The design of the study.

3.6. Influencing factors in the application of (CBI) in EFL classrooms

This literature review aims to synthesize and analyze the key determinants that facilitate the effective integration of CBI within EFL instructional settings. Drawing from an extensive review of scholarly studies, five overarching factors have been identified as critical to the success of CBI in EFL contexts: individual learner factors, teacher-related factors, technological and resource factors, curriculum and pedagogical factors, and social and cultural factors.

3.6.1. Individual learner factors

The direct approach to CBI, where learners engage with corpus data autonomously, presents unique challenges. Abdel-Haq and Ali [7] found that some learners find corpus consultation daunting due to the sheer volume of data, and not all are predisposed to inductive learning. Moon and Oh [33] noted that learners' unfamiliarity with DDL and the cognitive demands of data analysis can impede effectiveness, particularly for lower-level learners who may benefit more from a guided approach. Li [42] emphasized that prior knowledge significantly influences the use of corpora and DDL. Luo and Liao [24] highlighted the importance of language proficiency and error types in CBI effectiveness. Al-Mahbashi et al. [8] pointed out that access to technology and familiarity with corpus use are essential for effective DDL. To address these challenges, the indirect approach to CBI, where teachers mediate corpus findings, might be more appropriate for some contexts, as it aligns with Boulton's [4] theory of scaffolding learner autonomy.

3.6.2. Teacher-related factors

Teacher training and familiarity with corpus tools are foundational for the successful integration of CBI. Çalışkan et al. [21] and Qoura et al. [39] stressed the importance of teacher training in corpus tool usage and activity design. Smirnova [32] cautioned against over-reliance on corpus data without adequate teacher guidance. Jamal et al. [25] found that teachers' decisions to incorporate CBI are influenced by student needs, curriculum design, and classroom organization. Lin [23] and Ma et al. [40] noted that without proper training, teachers may be less inclined to adopt corpus-based methods. The indirect approach to CBI, which relies on teacher mediation, might be more suitable in contexts where teacher training is limited, as it leverages the teacher's role in guiding learners through the corpus analysis process.

3.6.3. Technological and resource factors

Access to technology and the practicality of integrating corpus tools into the classroom are significant factors. Kartal [12] and Li [42] highlighted the importance of technological tools and the novelty of the CBI approach.

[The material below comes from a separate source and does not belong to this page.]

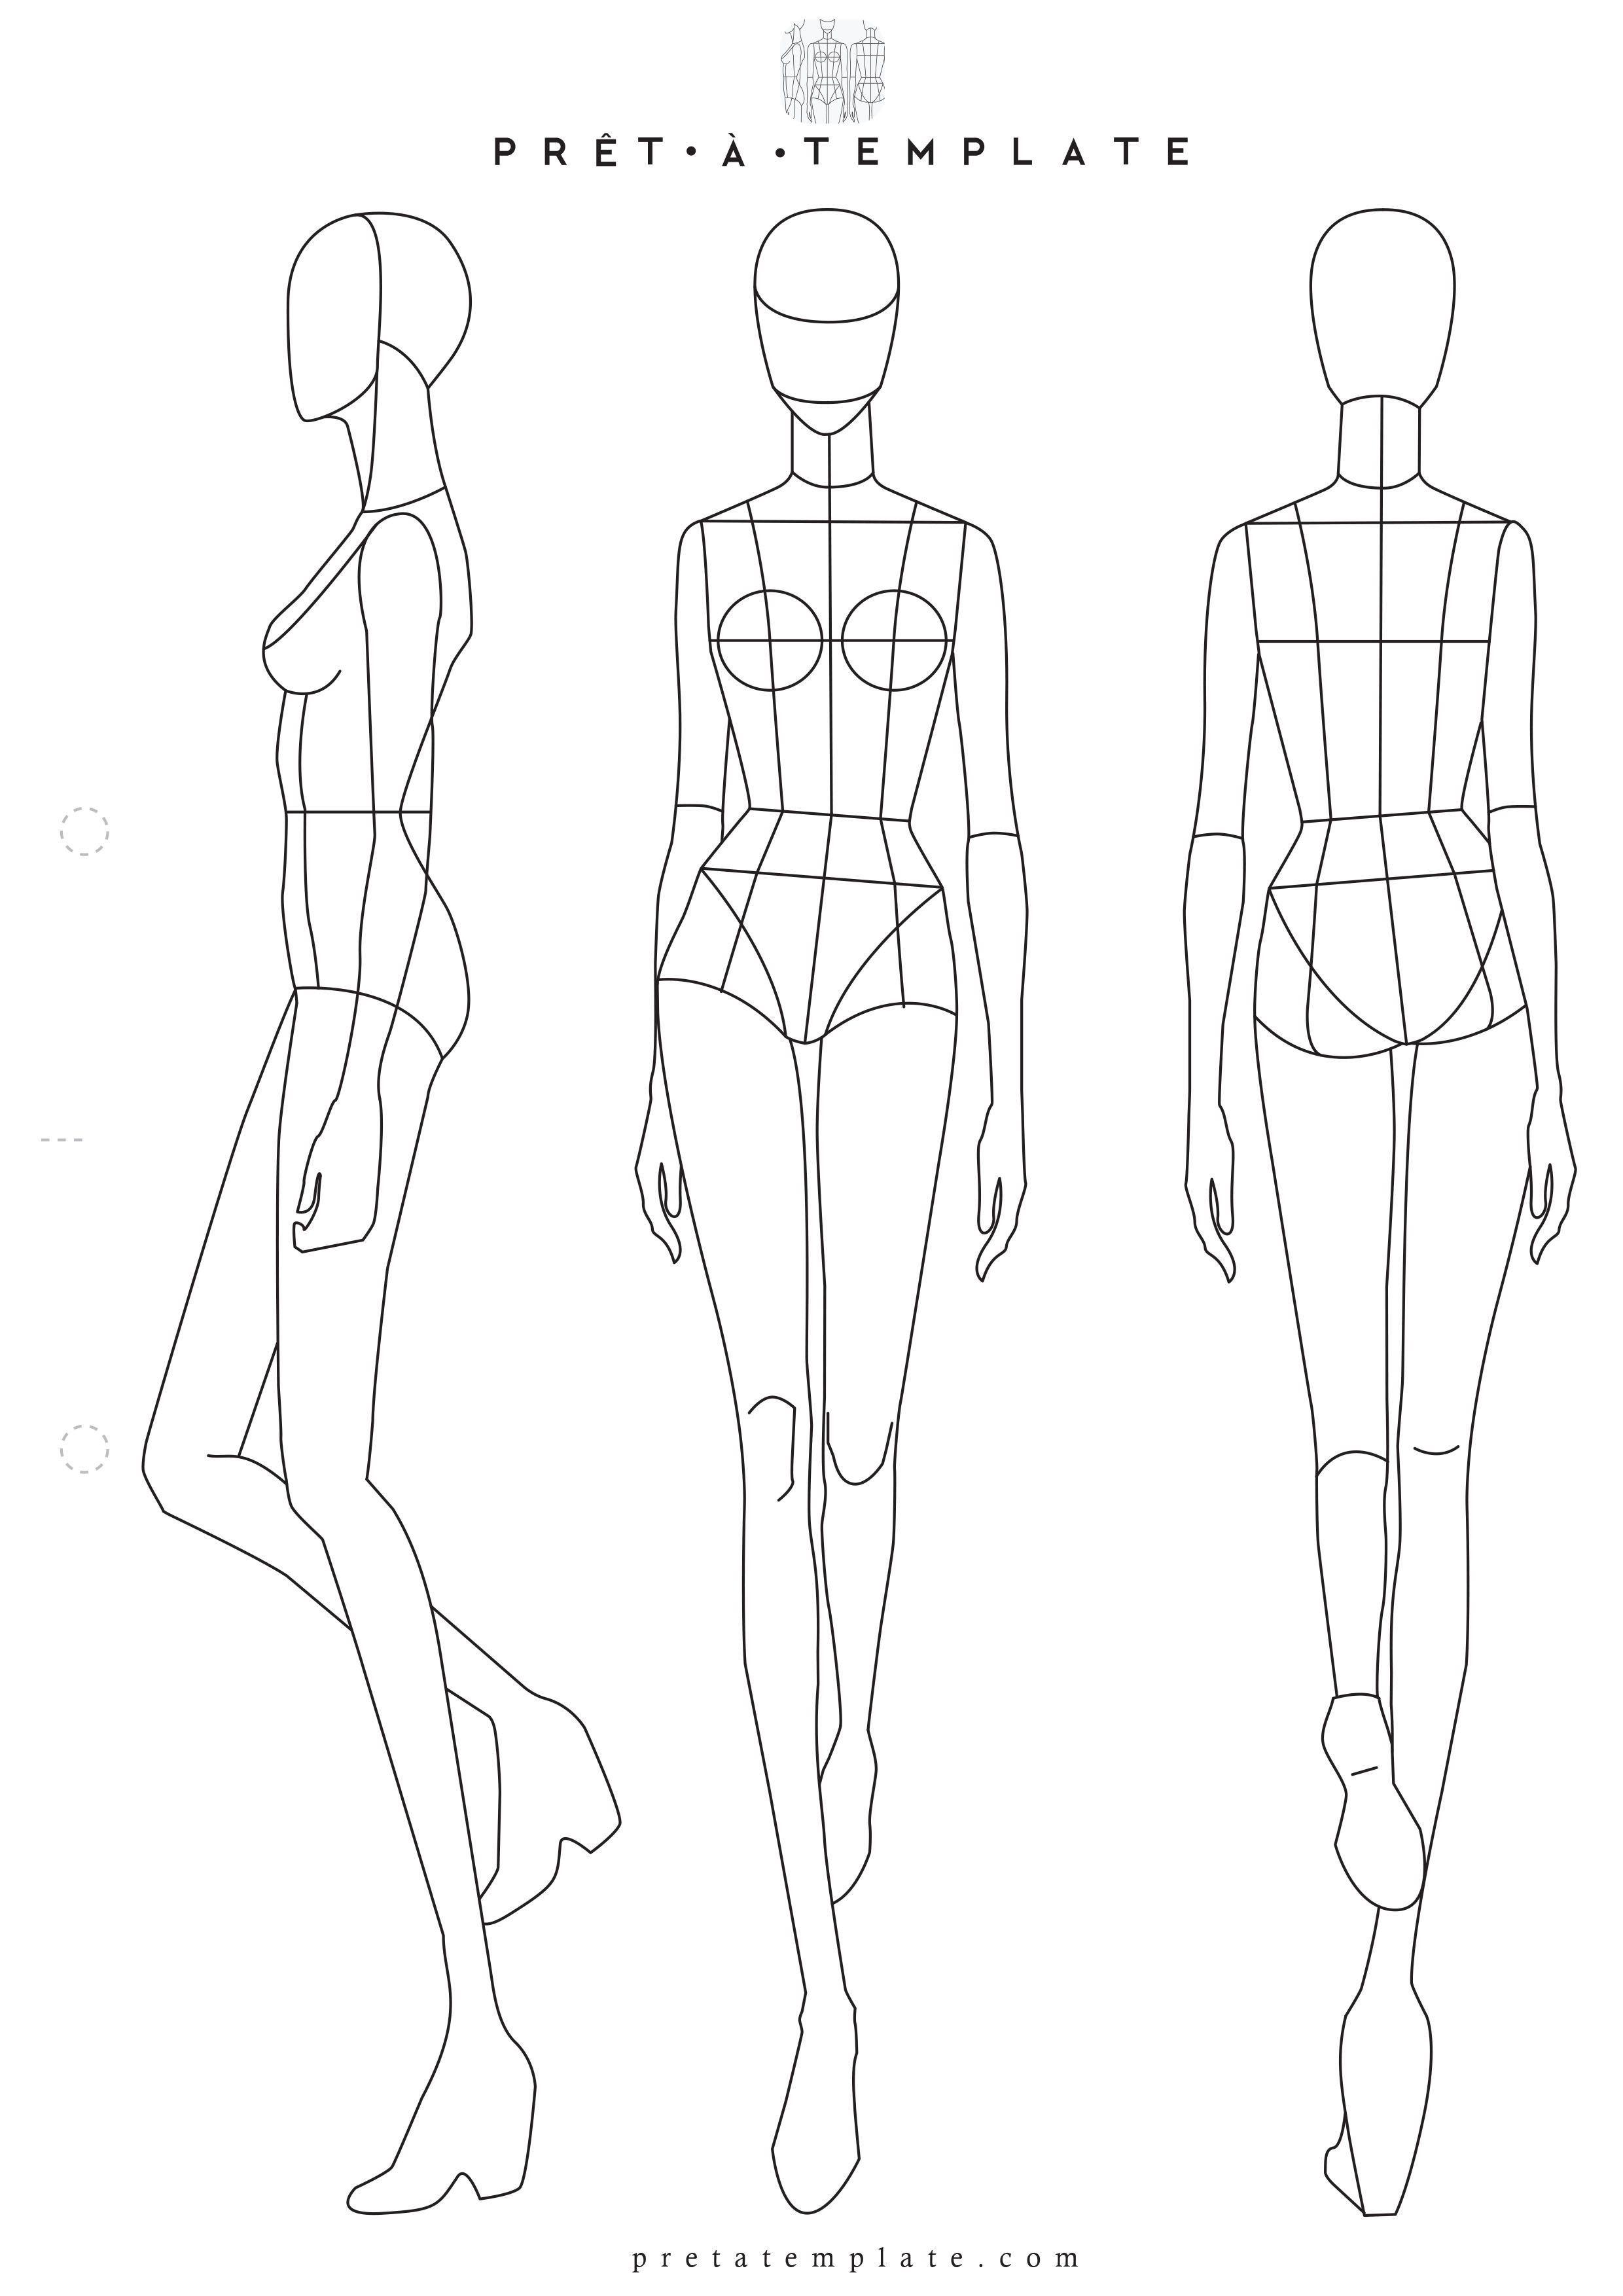 004 Fantastic Body Template For Fashion Design Photo  Female Male HumanFull

Youssef [36] emphasized the need for training on corpus use and the integration of CBI with conventional teaching methods. Boontam [37] noted that the quality and appropriateness of corpus data for different proficiency levels are crucial for CBI effectiveness. Zhong and Wakat [10] added that student motivation, prior knowledge, and learning styles can influence the success of corpus-integrated lessons.

3.6.4. Curriculum and pedagogical factors

The integration of CBI into the curriculum and its alignment with traditional teaching methods are essential. Fang et al. [34] identified limited access to electronic devices and the need for prolonged training as challenges. Boulton et al. [43] emphasized the importance of corpus size, representativity, and learners' L1 background in corpus-informed learning. Rodríguez-Fuentes and Swatek [30] highlighted the significance of textbook design, information presentation based on frequency, and attention to register patterns in the effectiveness of corpus-informed materials.

3.6.5. Social and cultural factors

Social recognition and the cultural context in which CBI is implemented also influence its effectiveness. Girgin [44] noted that learners' familiarity with technology and the availability of appropriate corpus resources are crucial. Tokdemir et al. [45] mentioned that the first language background significantly affects collocation use.

In conclusion, the successful implementation of CBI in EFL classrooms is influenced by a range of factors, including individual learner characteristics, teacher-related factors, technological and resource availability, curriculum integration, and social and cultural contexts. Boulton's concept of direct and indirect approaches to CBI provides a theoretical framework for understanding how these factors can be addressed to enhance the effectiveness of CBI in improving EFL learners' language skills. Comprehensive training, appropriate resource allocation, and careful curriculum design, informed by both direct and indirect CBI methodologies, can significantly enhance the integration and outcomes of CBI in EFL settings.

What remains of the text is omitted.